With Community edition, only until Model Tracking is accessible, so for Model Registry commerical edition may have to be obtained.

## Data Versioning with Delta Tables

In [None]:
file_path = f"{DA.paths.datasets}/airbnb/sf-listings/sf-listings-2019-03-06-clean.delta/"
airbnb_df = spark.read.format("delta").load(file_path)

train_df, test_df = airbnb_df.randomSplit([.8, .2], seed=42)

In [None]:
train_delta_path = f"{DA.paths.working_dir}/train.delta"
test_delta_path = f"{DA.paths.working_dir}/test.delta"

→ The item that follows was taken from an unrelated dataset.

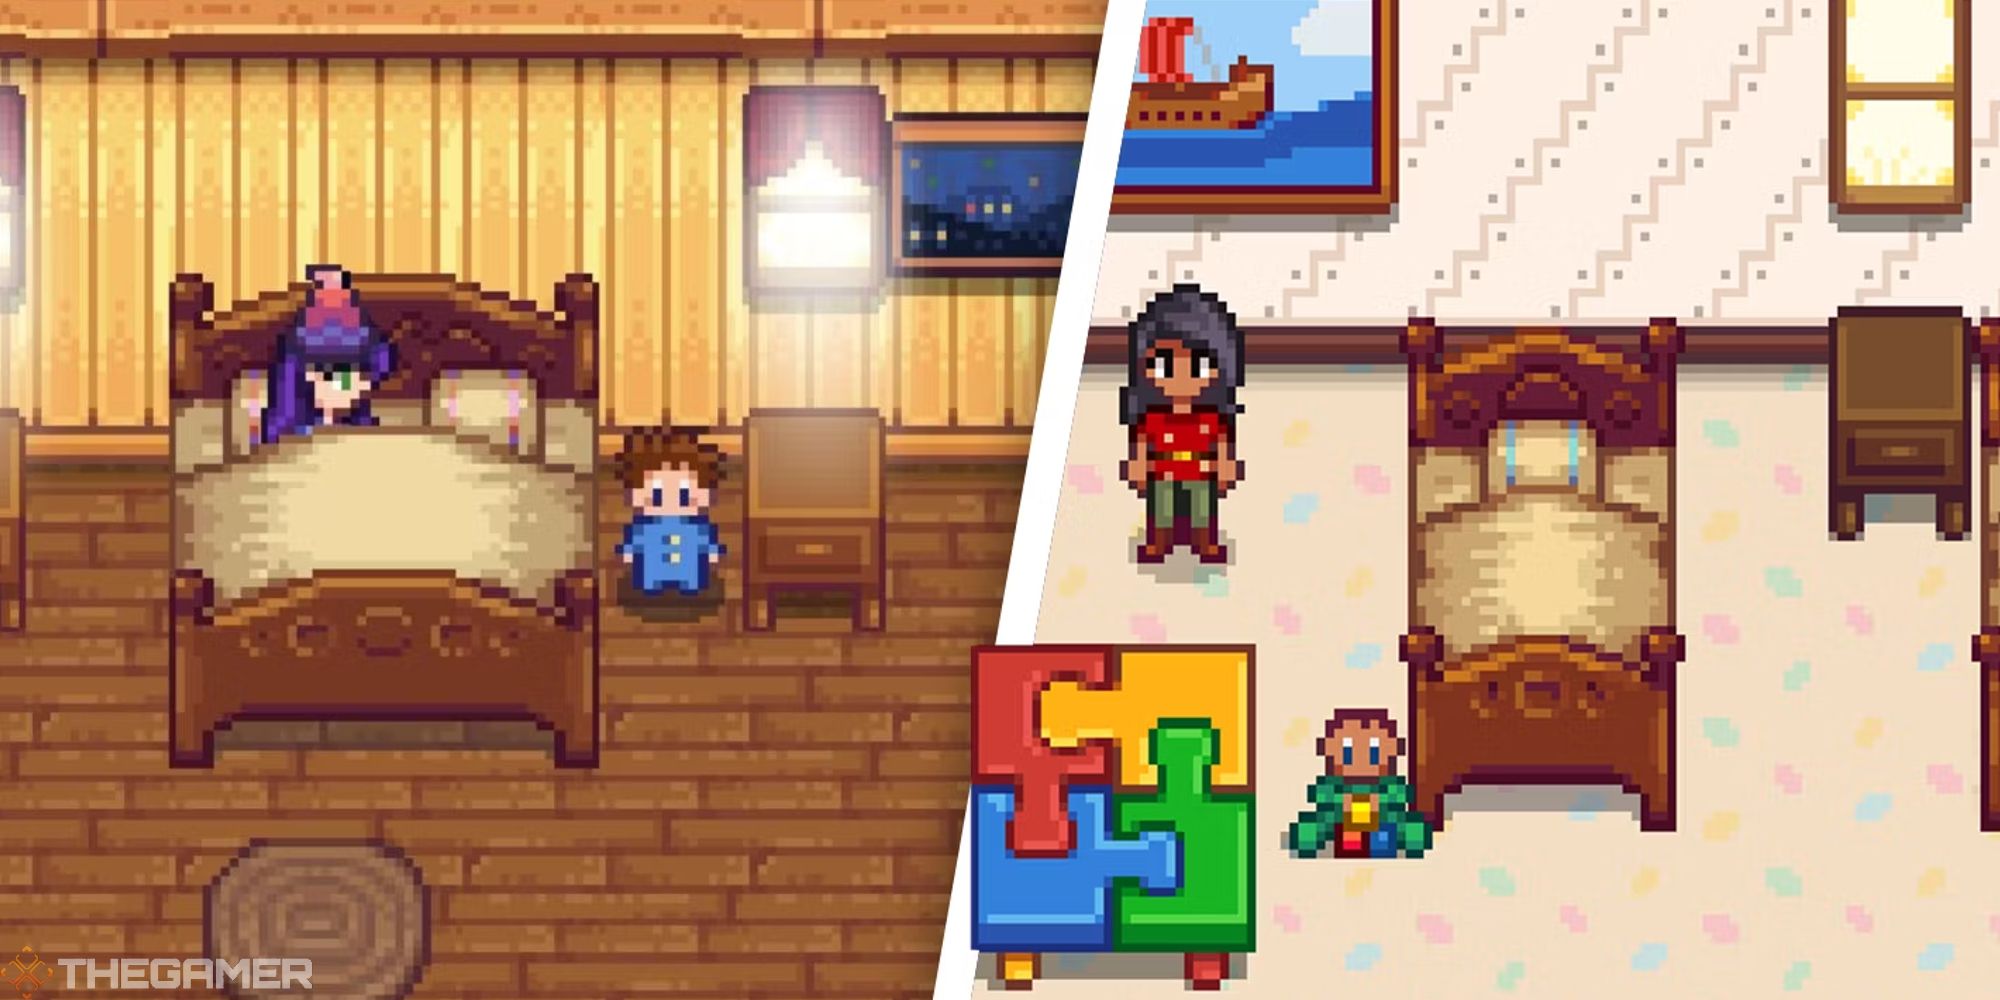 split image showing player in bed with child nearby, next to image of player and child in kids bedroom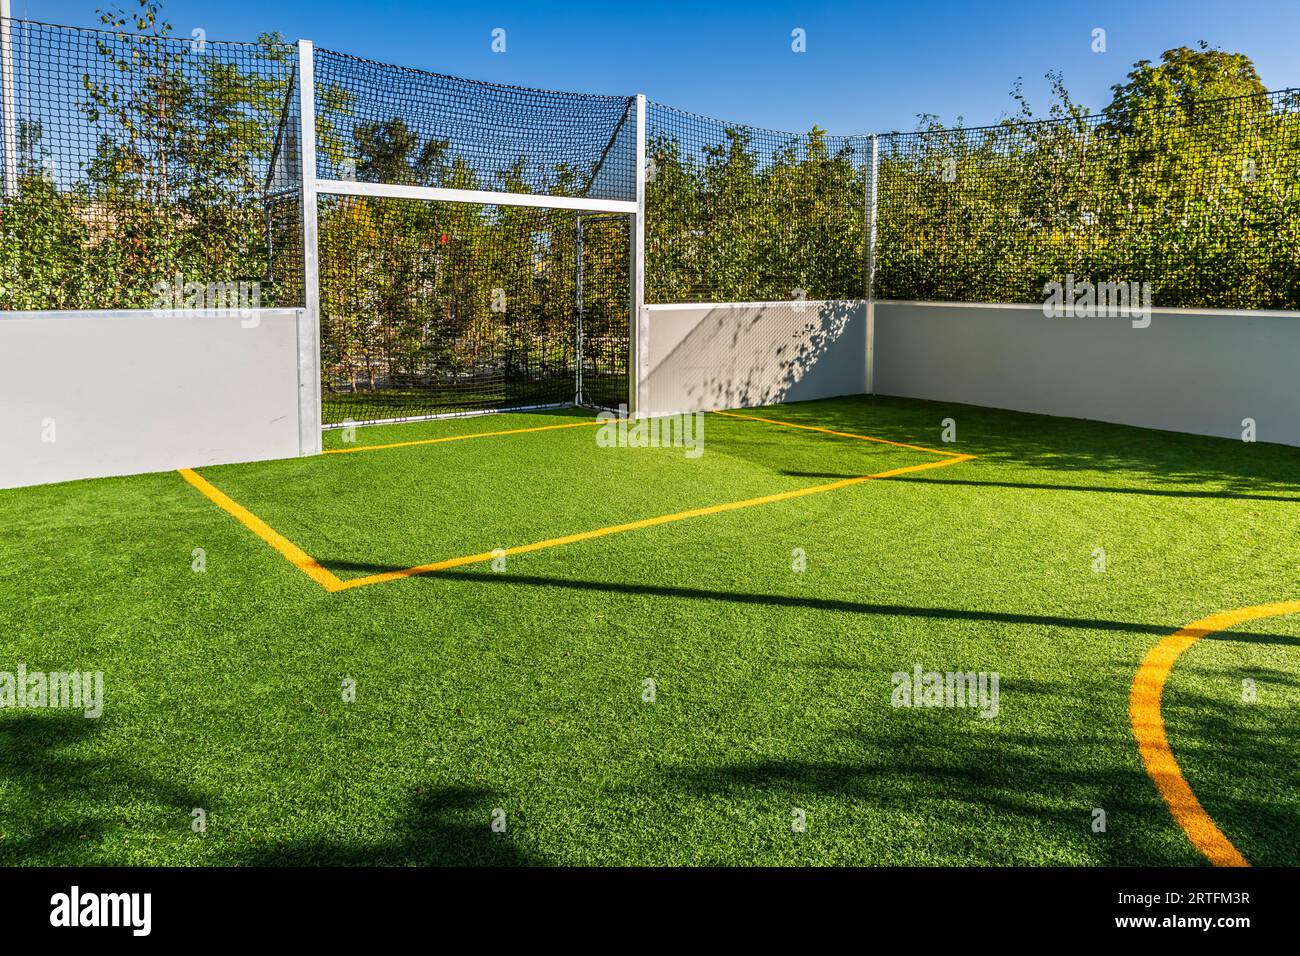 Playing field for small garden with artificial lawn, synthetic turf playing field, artificial grass pitch Stock Photo

# In case paths already exists
dbutils.fs.rm(train_delta_path, True)
dbutils.fs.rm(test_delta_path, True)

train_df.write.mode("overwrite").format("delta").save(train_delta_path)
test_df.write.mode("overwrite").format("delta").save(test_delta_path)

In [None]:
data_version = 0
train_delta = spark.read.format("delta").option("versionAsOf",data_version).load(train_delta_path)
test_delta = spark.read.format("delta").option("versionAsOf",data_version).load(test_delta_path)

In [1]:
#Review the transactions of thie Delta table
display(spark.sql(f"DESCRIBE HISTORY delta.`{train_delta_path}`"))

## MLflow Tracking

In [None]:
# TODO
import mlflow
import mlflow.spark
from pyspark.ml.regression import LinearRegression
from pyspark.ml import Pipeline
from pyspark.ml.evaluation import RegressionEvaluator
from pyspark.ml.feature import RFormula

with mlflow.start_run(run_name="lr_model") as run:
    # Log parameters
    mlflow.log_param("data_path", train_delta_path)  
    # TODO: Log label: price-all-features
    mlflow.log_param("label","price-all-features")
    # TODO: Log data_version: data_version
    mlflow.log_param("data_version", data_version)


    # Create pipeline
    r_formula = RFormula(formula="price ~ .", featuresCol="features", labelCol="price", handleInvalid="skip")
    lr = LinearRegression(labelCol="price", featuresCol="features")
    pipeline = Pipeline(stages = [r_formula, lr])
    model = pipeline.fit(train_delta)

    # Log pipeline
    # TODO: Log model: model
    mlflow.spark.log_model(model,"model")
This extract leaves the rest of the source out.